Language-model coding assistants waste tokens (and accuracy) when they have to `cat` whole
files to discover basic repository structure. `grounded-index` exposes the same
evidence a developer uses to navigate — symbols, callers, tests, imports — as
compact CLI output and a small Python API.

## Features

- **Seven languages on tree-sitter**: Python, Rust, TypeScript, JavaScript, Java, C, C++.
- **Symbols, imports, references** extracted per language with stable line/col spans.
- **Test detection** (`is_test` column) by path heuristics, decorators / attributes,
  and naming conventions — `pytest` `test_*` / `Test*`, Rust `#[test]` / `#[cfg(test)]`,
  Jest `*.test.ts` / `*.spec.ts`, Java `@Test` annotations, C/C++ `_test.c` suffix.
- **SQLite schema** with FTS5 symbol search and proper indexes.
- **Token-bounded context packs** for AI prompts (`context` command + `BudgetEnforcer`).
- **JSON / Markdown / human output** for each command.
- **Read-only by default**; indexing requires the explicit `--write` flag.

## Install

```bash
pip install grounded-index
```

Or from a local checkout:

```bash
git clone <repo> grounded-index
cd grounded-index
pip install -e .
```

## 30-second example

```bash
# Index this repository
grounded-index --write index

# List symbols matching a name
grounded-index symbols --name parse

# Show who calls a symbol
grounded-index references --symbol parse_references --direction in

# Build a 4 000-token context pack
grounded-index context --symbol Indexer --budget 4000 --include-callers
```

## Tier 2 — external CFG/ICFG tools (optional)
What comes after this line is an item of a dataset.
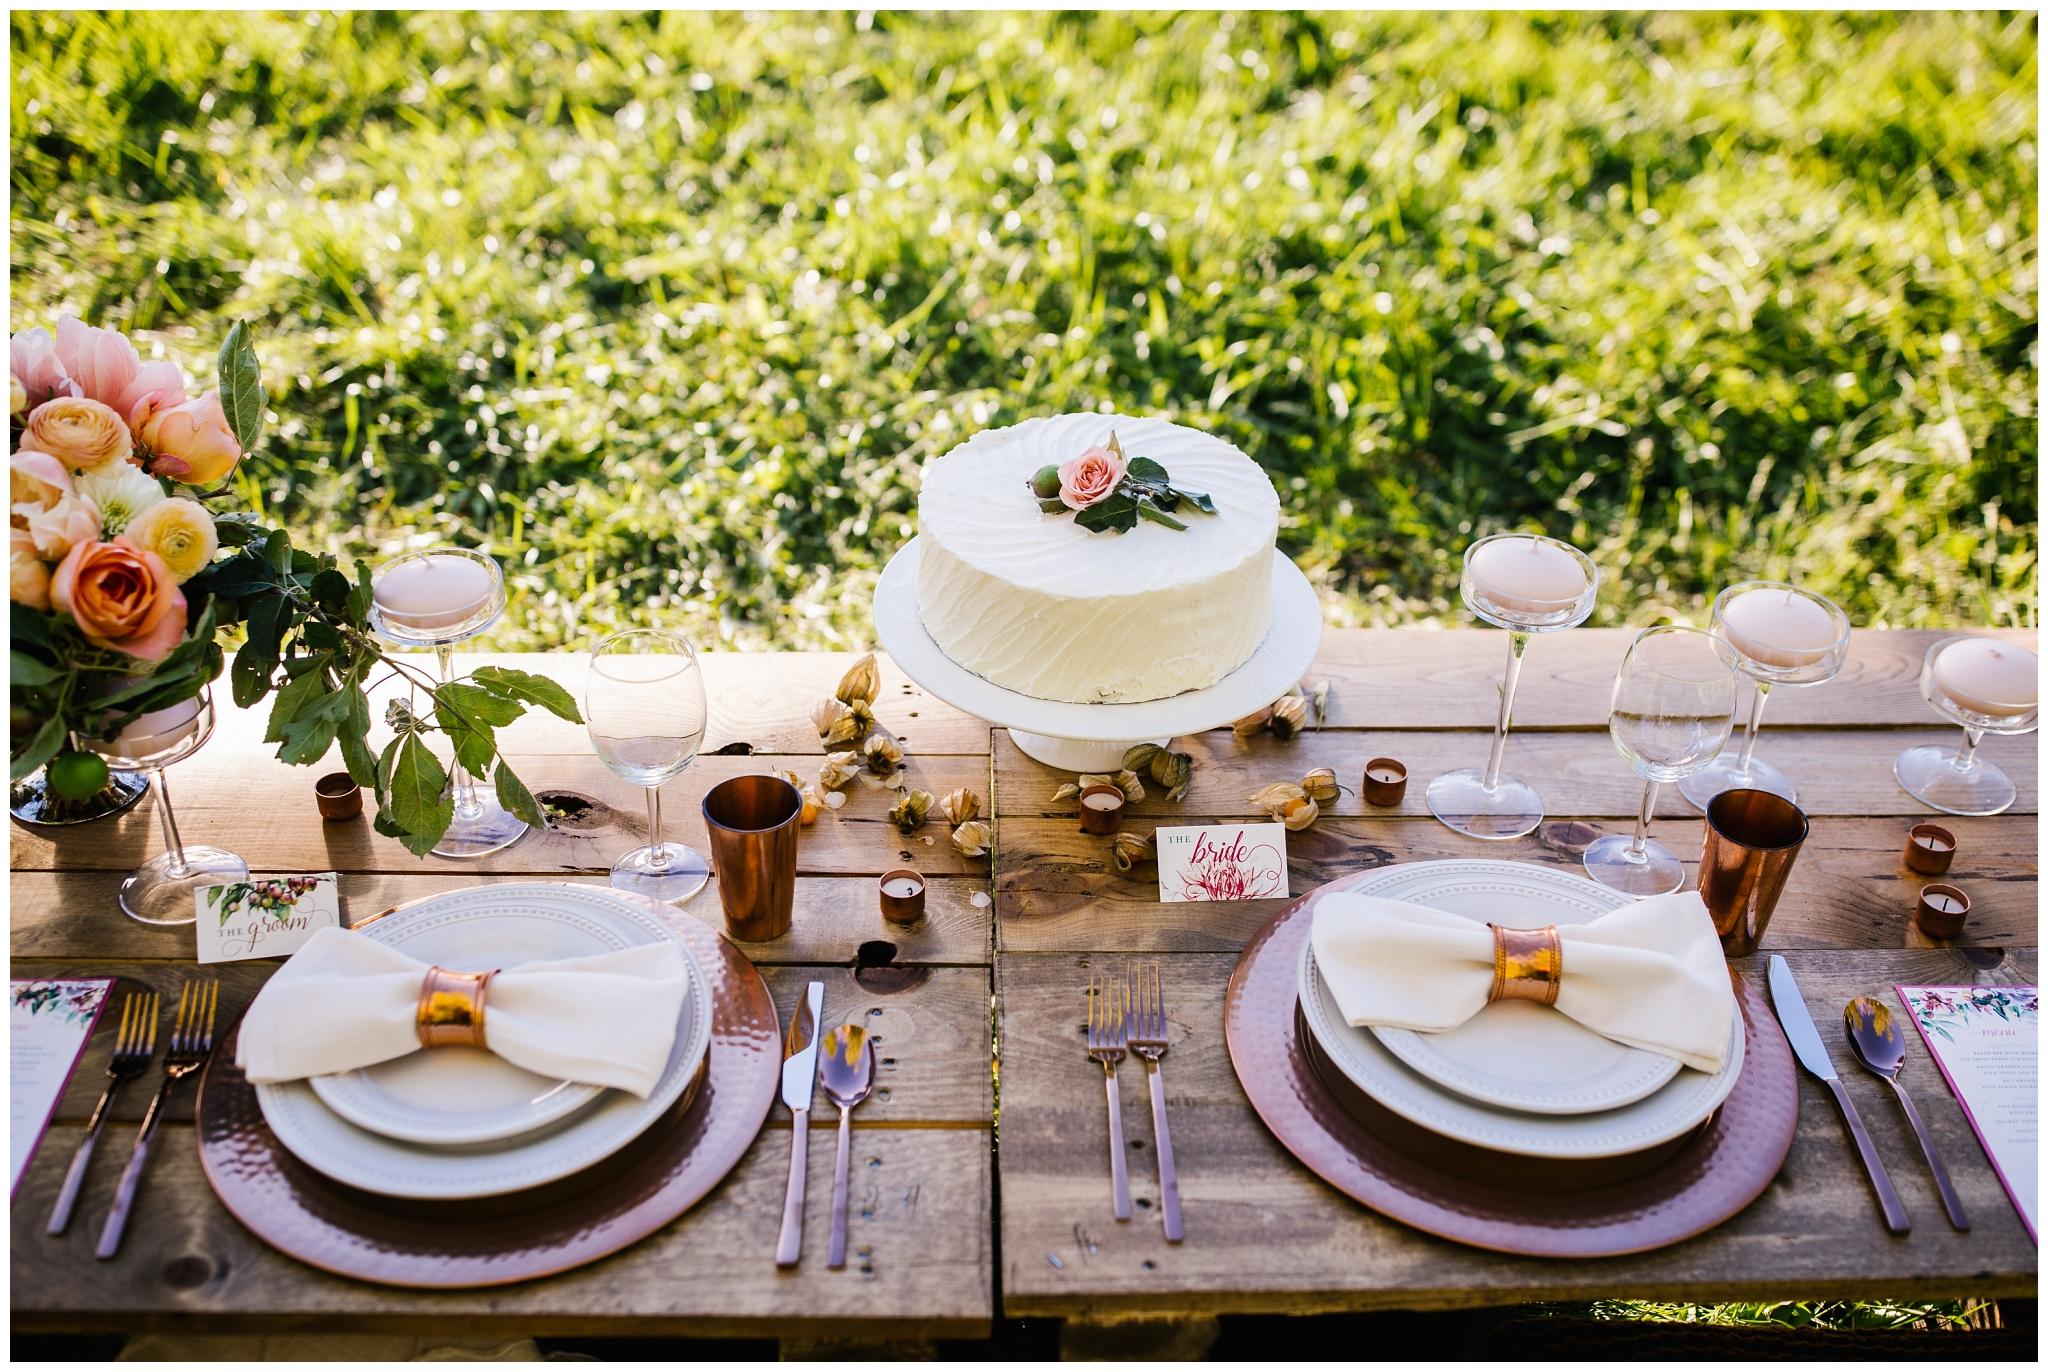 Lizzie-B-Imagery-Utah-Wedding-Photographer-Park-City-Photographer_0025.jpg

`grounded-index` ships two standalone scripts that produce **bytecode-precise
control-flow graphs and inter-procedural call graphs** by delegating to LLVM
(C/C++) and Soot (Java). Output is one JSON shape for all three languages.

| Script | Languages | Backend |
|--------|-----------|---------|
| `grounded_clang_cfg.py` | C, C++ | `clang -emit-llvm` + `opt -passes='dot-callgraph,dot-cfg'` + pydot |
| `grounded_java_cfg.py` | Java | `javac` + Soot 4.7.1 (`BriefBlockGraph` + CHA call graph) |

```bash
# Install the optional dependency
pip install grounded-index[external-cfg]

# C / C++ (requires clang + opt on PATH)
python grounded_clang_cfg.py src/calculator.c

# Java (requires JDK 11+; first run downloads Soot ~12 MB)
tools/download-soot.sh
python grounded_java_cfg.py src/Calculator.java --class-name Calculator
```

These tools are **not imported by the core indexer** — they're operator-facing
utilities for ICFG-aware analyses. See [MANUAL.md](MANUAL.md#external-cfgicfg-tools)
for usage and [docs/external-cfg-tools.md](docs/external-cfg-tools.md) for the
tier model and limitations.

## Documentation

| Doc | For |
|-----|-----|
| [MANUAL.md](MANUAL.md) | End-user / operator guide — full CLI reference, workflows, troubleshooting. |
| [API.md](API.md) | Programmatic Python API — `Indexer`, `QueryEngine`, parsers, schema. |
| [docs/external-cfg-tools.md](docs/external-cfg-tools.md) | Tier 2 external CFG/ICFG tools — design, dependencies, JSON schema, limitations. |
| [CHANGELOG.md](CHANGELOG.md) | Release history. |
| [vision.md](vision.md) | Product principles and positioning. |

## Status

Alpha — schema v2, seven languages, 195 tests. Tier 2 external CFG/ICFG tools
ship alongside the indexer. CLI surface is stable enough for internal use;
expect occasional additions before 1.0.

## License

GPL-3.0-only. See [pyproject.toml](pyproject.toml) for the canonical declaration.